クロス補聴器って、どんな補聴器?

深井 順一|パートナーズ補聴器

補聴器の中には、特殊な補聴器があり、その中の一つがクロス補聴器と呼ばれるものです。

こちらは主に片方のみ難聴の方に使われる補聴器で、片耳が健聴、もう片耳が補聴器では聞こえを補えないような方に使われる補聴器です。

聞こえる耳側には補聴器をのせ、聞こえない耳側には、クロスという音の転送機器を使うことで聞こえを改善するのですが、聞こえる耳側で音を受け取ることから、だいぶ特殊な補聴器になります。

こちらでは、このクロス補聴器に関して、より詳細について載せていきます。

クロス補聴器とは?

上記の通り、クロス補聴器とは、主に片方のみ難聴の方。言い方を変えれば、片方は問題なく聞こえ、もう片方は、聴力低下していて、補聴器では聞こえをうまく補えない方に使われます。

聴力としては、主に以下のようなケースが代表例です。

少し詳細を記載させていただきますと、一般の人が聞こえている範囲は、0〜10dB、正常の範囲は、0〜25dBになります。まさに片方は、普通に聞こえていて、もう片方は、全く聞こえない、そんな聴力になります。

クロス補聴器の仕組みとしては、聞こえる耳側に補聴器をつけ、聞こえない耳側に音を転送するクロスと呼ばれる転送機器をつけます。

そのようにすることで、聞こえない耳側からくる音を聞こえる耳側に送ることで、聞こえを改善するのが、このクロス補聴器です。

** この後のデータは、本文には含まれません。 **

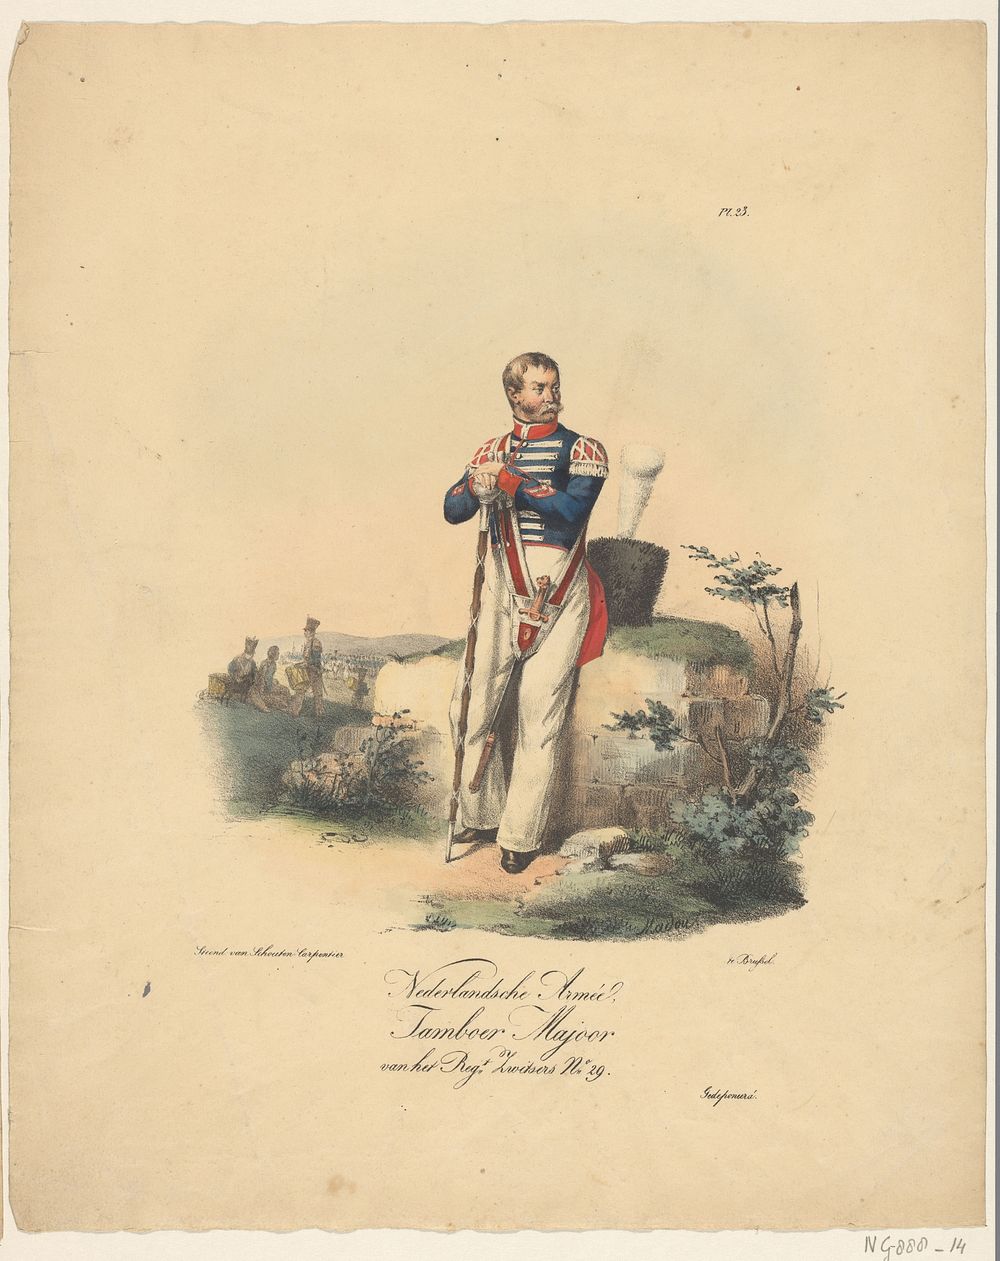 Nederlandsche Armée, Tamboer Majoor van het Reg.t Zwitsers No. 29 (1823 - 1827) by Jean Baptiste Madou and Schouten…
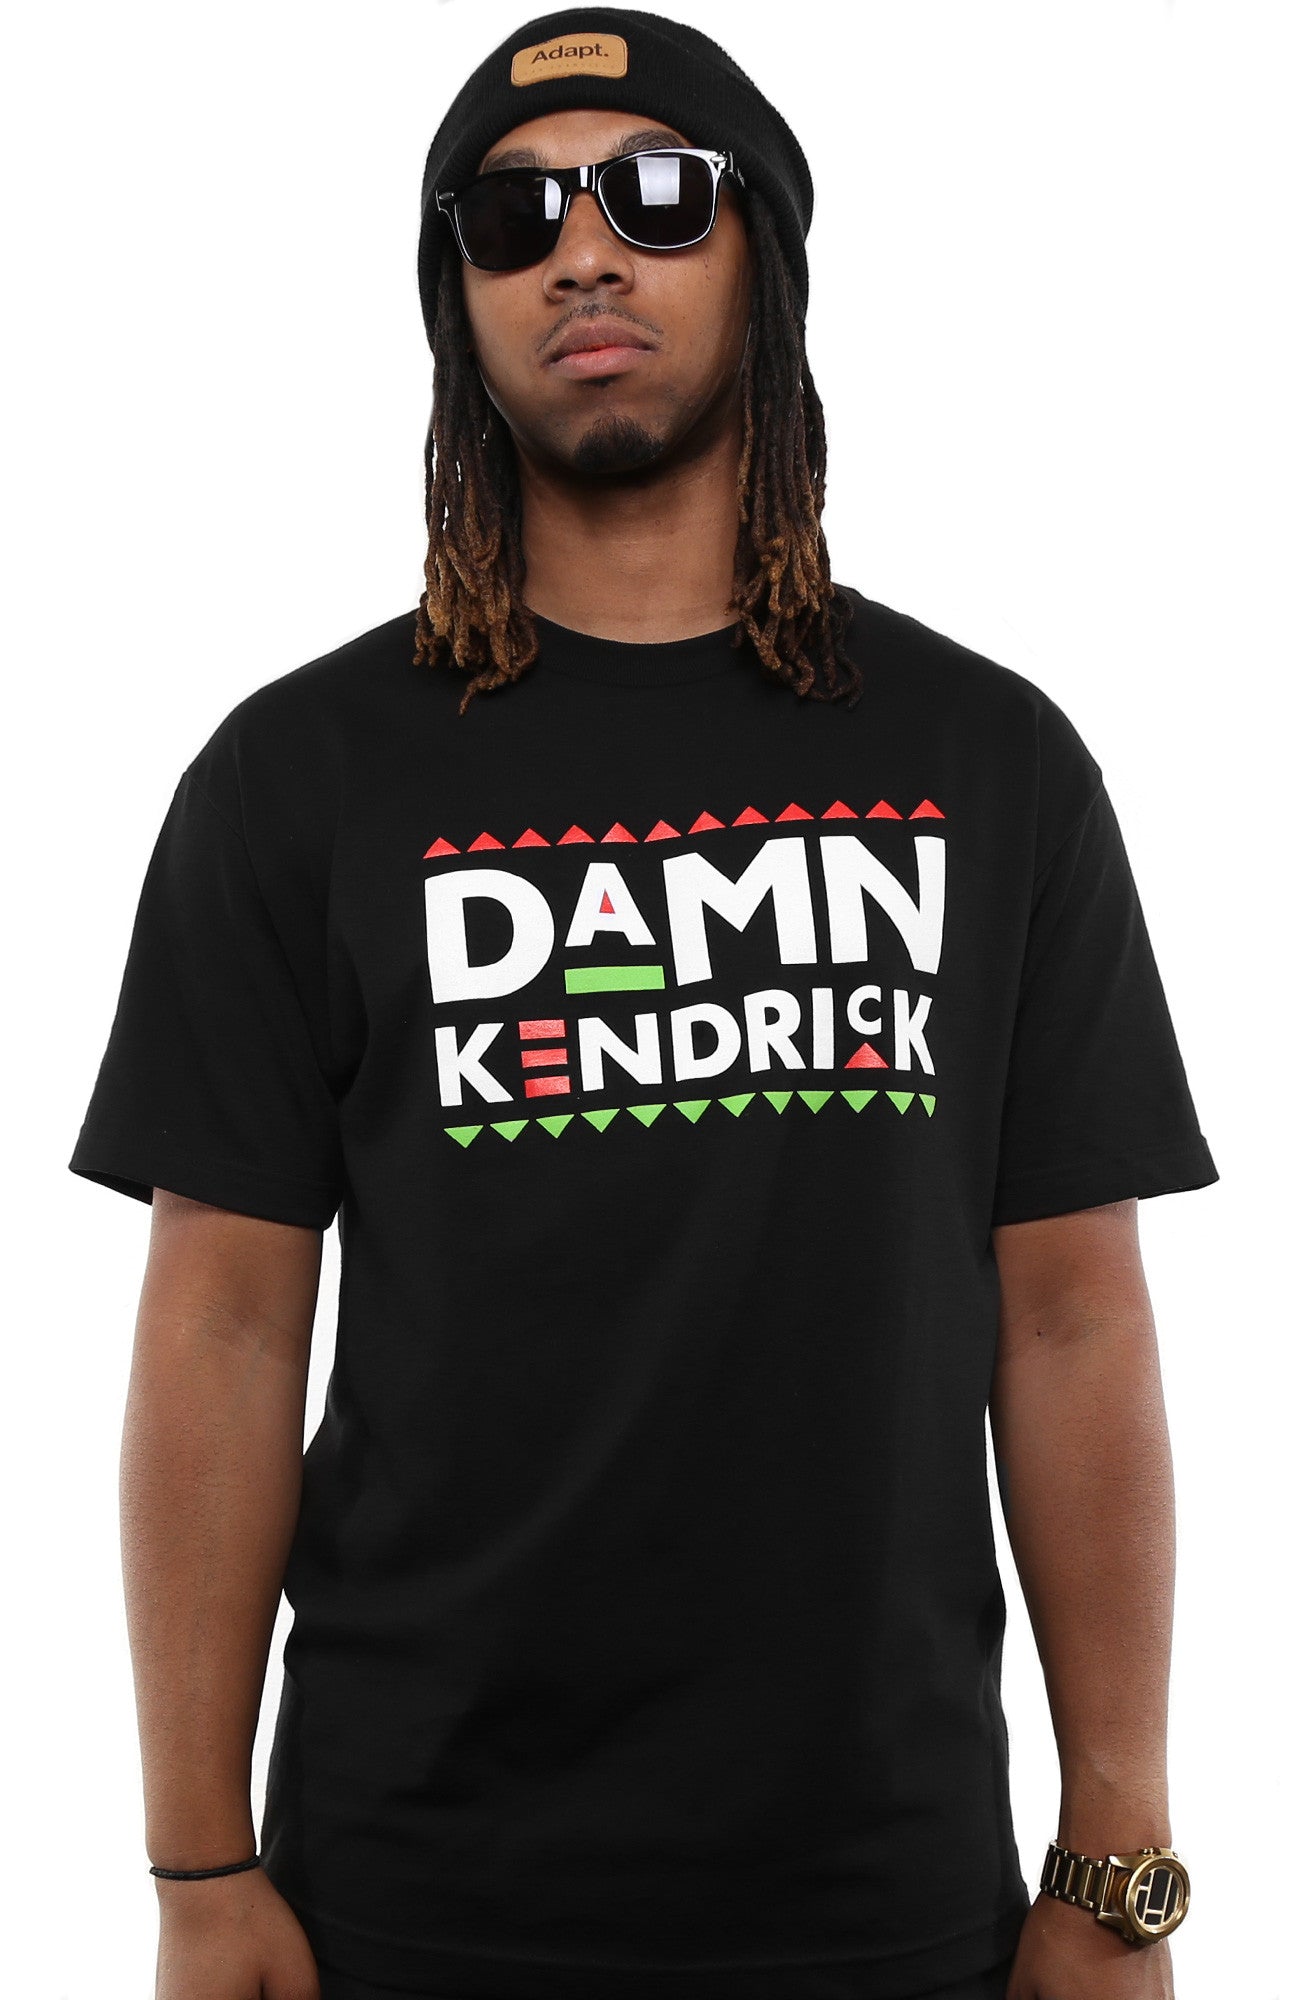 Damn Kendrick (Men's Black Tee)

基本的に補聴器というのは、聞こえなくなった耳側に音を入れ、直接その耳を改善するのですが、クロス補聴器は、聞こえる耳側に音を転送して改善するため、だいぶ特殊な機器になります。

なぜこんな補聴器がある?

もしかしたら、こちらをご覧の方の中には、「なんで、こんな機器があるんだろう?」そんな疑問を感じる方もいるかもしれません。

その理由は、今現在、補聴器は、どのような聴力でもたちまち改善できるわけではないからです。実は、聴力低下が大きすぎる耳や耳の状況が特殊な状態になると、その耳に補聴器をつけてもほとんど改善されなかったり、不快な感覚が増長されたりと効果が出ない耳があります。

その耳、そのものにつけても改善ができないため、であれば、聞こえる耳側に音を転送して聞こえを改善しよう。そのように考えて作られたのが、クロス補聴器になります。

言い方を変えればクロス補聴器は、その耳に補聴器をつけても改善ができないケースがあるために作られた補聴器になります。

なお、注意点を記載しますと、基本的にクロス補聴器は、一般的な補聴器では効果が出ない、得られない耳の方に使われる補聴器です。仮に一般的な補聴器で効果が出るのであれば、そちらの方が聞こえの改善効果は高くなる傾向があります。

また、最近出た補聴器のように思われますが、クロス補聴器、補聴器の世界では、クロスシステムと呼ばれますが、こちらは20〜30年前から存在しており、だいぶ前から、行われている改善方法になります。

クロス補聴器が合うケース

クロス補聴器が合うケースは、主に3つになります。

  • 聴力低下が大きすぎるケース
  • 語音明瞭度が低すぎるケース
  • 音の感覚が特殊なケース

聴力低下が大きすぎるケース

クロス補聴器が使われるケースで代表格なのは、この聴力低下が大きすぎるケースです。

このように片方は健聴で、もう片方は、全く聞こえない。このようなケースは、全く聞こえない耳側に補聴器をつけても、ほとんど改善ができません。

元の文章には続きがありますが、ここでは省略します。